И в этот миг жутко мягкий, медленный, неслышный удар повалил корабль набок влево, что-то закричали наушники. Реутов инстинктивно рванул штурвал вправо и сунул вперед до отказа правую ногу, но огромный бомбардировщик, будто заговоренный, будто кто-то невозможно могучий ухватил его за нос и крыло и вея, тащил, волок за собою, - бомбардировщик продолжал валиться в левый крен, перешел горизонт и теперь неудержимо заваливался вперед и влево - и самое страшное было в уверенной неторопливости этого движения.

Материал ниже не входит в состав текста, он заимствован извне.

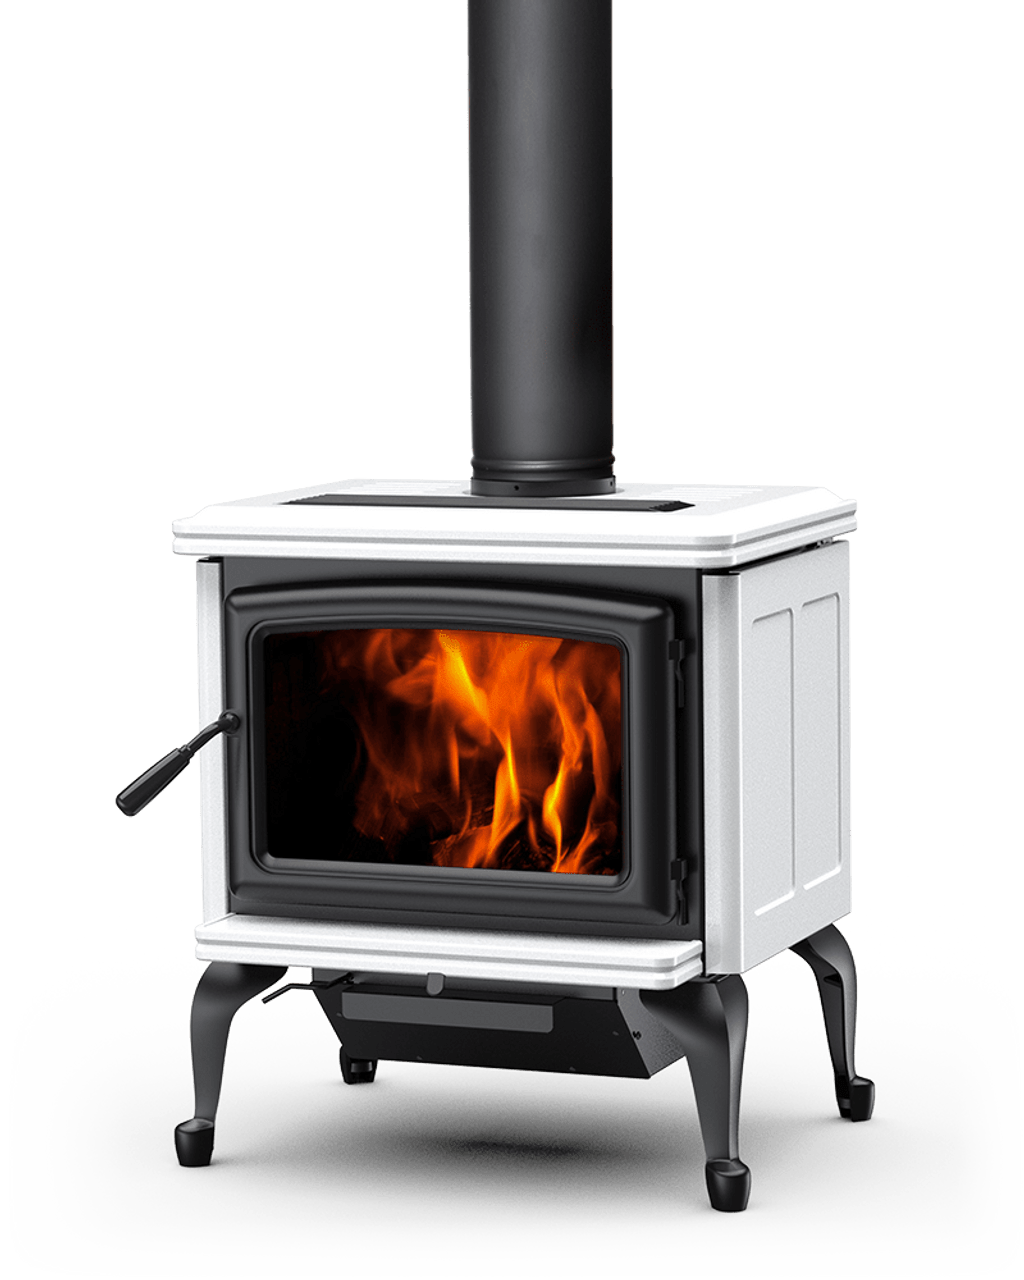 Pacific Energy Super Classic LE Wood Stove

Реутов, набычившись, до отказа отжимал вправо штурвал, на рукоятки которого, помогая командиру, всем телом навалился Савченко, но штурвал и не сопротивлялся - рули были отданы на вывод полностью! Николай закусил губу; нервно дрожала под ногой утопленная "до полика" педаль; и тут наушники страшным, неузнаваемым голосом Реутова закричали растянуто:
- Эки-и-и-па-а-аж!..
Реутов все тянул с командой "Покинуть самолет!" - хотя все уже было ясно: полный отказ управления. Это - гибель. Авиагоризонт словно свихнулся, будто приборы-гироскопы тоже имеют душу: его указатель гнал и гнал крен, немыслимый для Ту-16 крен! Тридцать... Тридцать пять... Сорок... Скорость крена нарастает! Сорок пять, пятьдесят - пятьдесят градусов! Это уже запредельный крен, отсюда нет возврата!

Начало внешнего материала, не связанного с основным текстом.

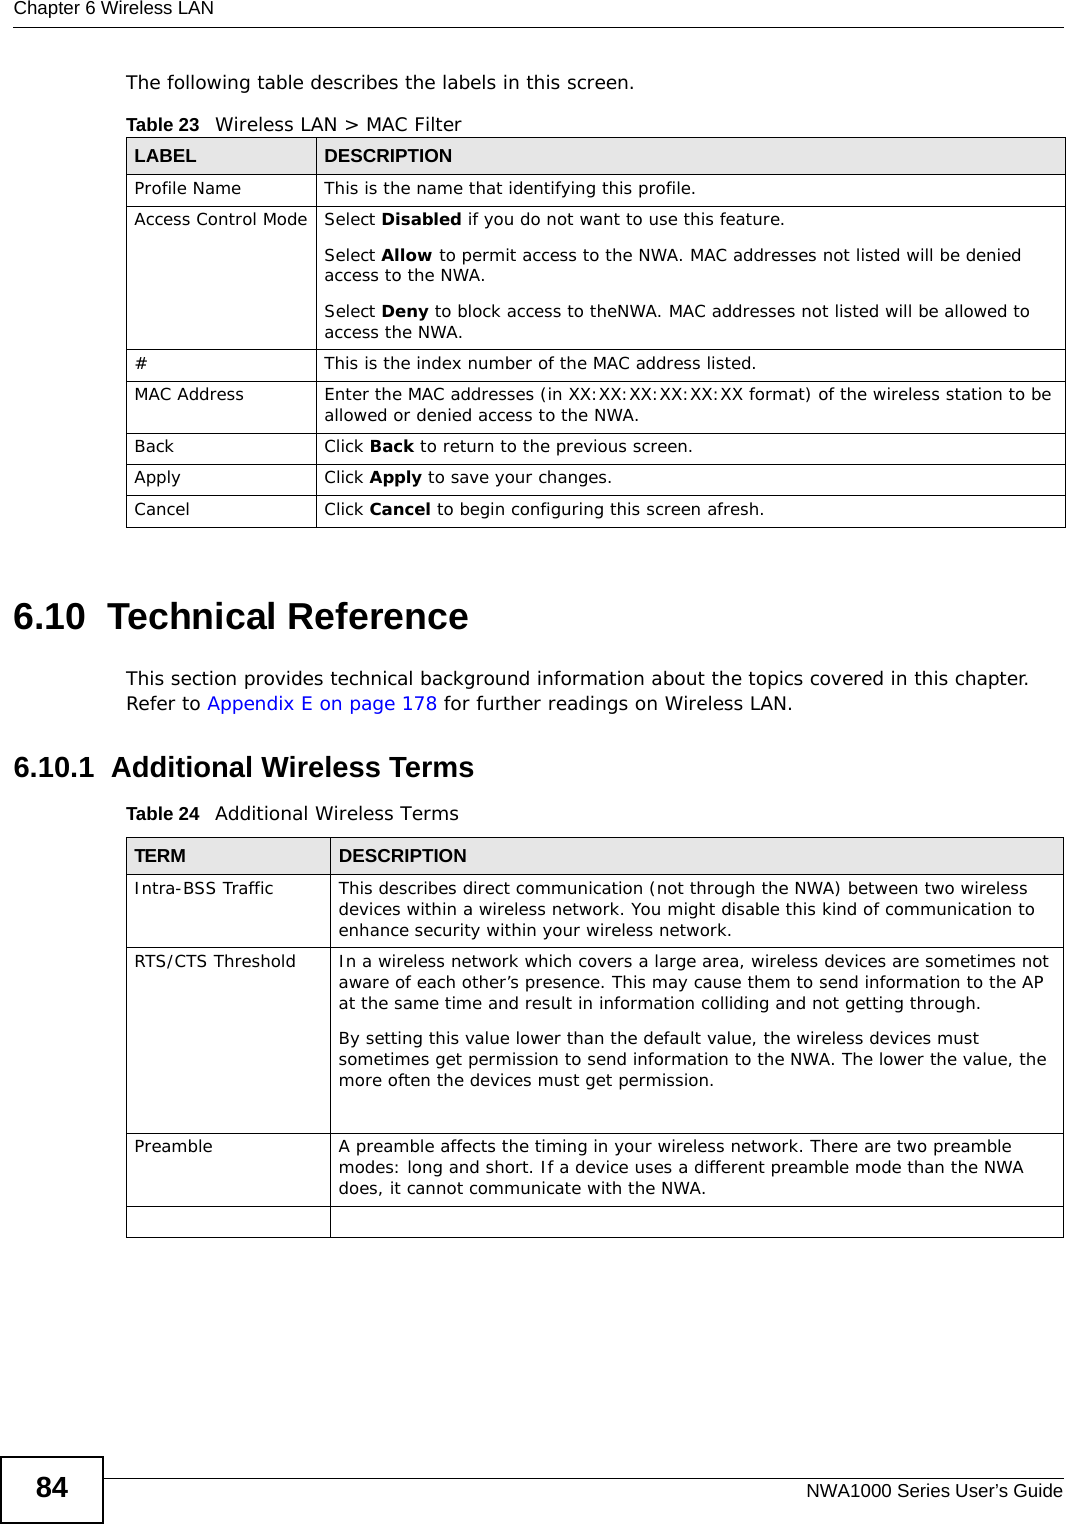 Chapter 6 Wireless LANNWA1000 Series User’s Guide84The following table describes the labels in this screen.6.10  Technical ReferenceThis section provides technical background information about the topics covered in this chapter. Refer to Appendix E on page 178 for further readings on Wireless LAN.6.10.1  Additional Wireless TermsTable 24   Additional Wireless TermsTable 23   Wireless LAN &gt; MAC FilterLABEL DESCRIPTIONProfile Name This is the name that identifying this profile.Access Control Mode Select Disabled if you do not want to use this feature.Select Allow to permit access to the NWA. MAC addresses not listed will be denied access to the NWA.Select Deny to block access to theNWA. MAC addresses not listed will be allowed to access the NWA.#This is the index number of the MAC address listed.MAC Address Enter the MAC addresses (in XX:XX:XX:XX:XX:XX format) of the wireless station to be allowed or denied access to the NWA.Back Click Back to return to the previous screen.Apply Click Apply to save your changes.Cancel Click Cancel to begin configuring this screen afresh.TERM DESCRIPTIONIntra-BSS Traffic This describes direct communication (not through the NWA) between two wireless devices within a wireless network. You might disable this kind of communication to enhance security within your wireless network.RTS/CTS Threshold In a wireless network which covers a large area, wireless devices are sometimes not aware of each other’s presence. This may cause them to send information to the AP at the same time and result in information colliding and not getting through.By setting this value lower than the default value, the wireless devices must sometimes get permission to send information to the NWA. The lower the value, the more often the devices must get permission.Preamble A preamble affects the timing in your wireless network. There are two preamble modes: long and short. If a device uses a different preamble mode than the NWA does, it cannot communicate with the NWA.

Огромный самолет, выйдя из повиновения, несется боком и вниз, скользит, почти переворачиваясь, - корабль падал, падал, падал!
Сейчас он либо сорвется, либо начнет разрушаться - нет, сейчас будет все сразу! По подбородку течет горячее и скользкое, почему-то заливаясь по щеке назад, за ухо; машину начинает бить тряска, все огромное тело корабля колотит дрожь, предсмертная агония, и машина стонет, как в ужасе; да что же тобой, родная?
"Нет! Нет, я не хочу!.."
- Пр-риготовиться к катапультированию! - Неужели этот сдавленный рык в шлемофоне - командир?
И вдруг бомбардировщик встряхнулся - и так же резко, все быстрее и быстрее, пошел к горизонту, выравниваясь; чертя широко раскинутыми крыльями эллипс в небе, он стремительно выходил из этого сумасшедшего крена; Реутов, пригнув голову, ловил ту секунду, когда надо задержать машину, и в тот самый, в точнейший момент отдал рули и переложил их в левый крен, остановив точно в горизонте нарастающее вращение корабля; и только сейчас, в мгновенном вздохе: "Всё? Неужели всё?" - они услышали крики в наушниках:
- ...отвечай! Что случилось?! Отвечай!
Реутов ошарашенно смотрел на висящий уже значительно выше и дальше силуэт ведущего; Николай поднял руку к лицу и увидел на перчатке темное блестящее пятно - так и есть, прокусил губу.
- Немедленно отвечай, что происходит?!
Реутов нажал СПУ и, словно в удушье, прохрипел:
- Экипаж, осмотреться по отсекам и видимым частям обшивки и доложить.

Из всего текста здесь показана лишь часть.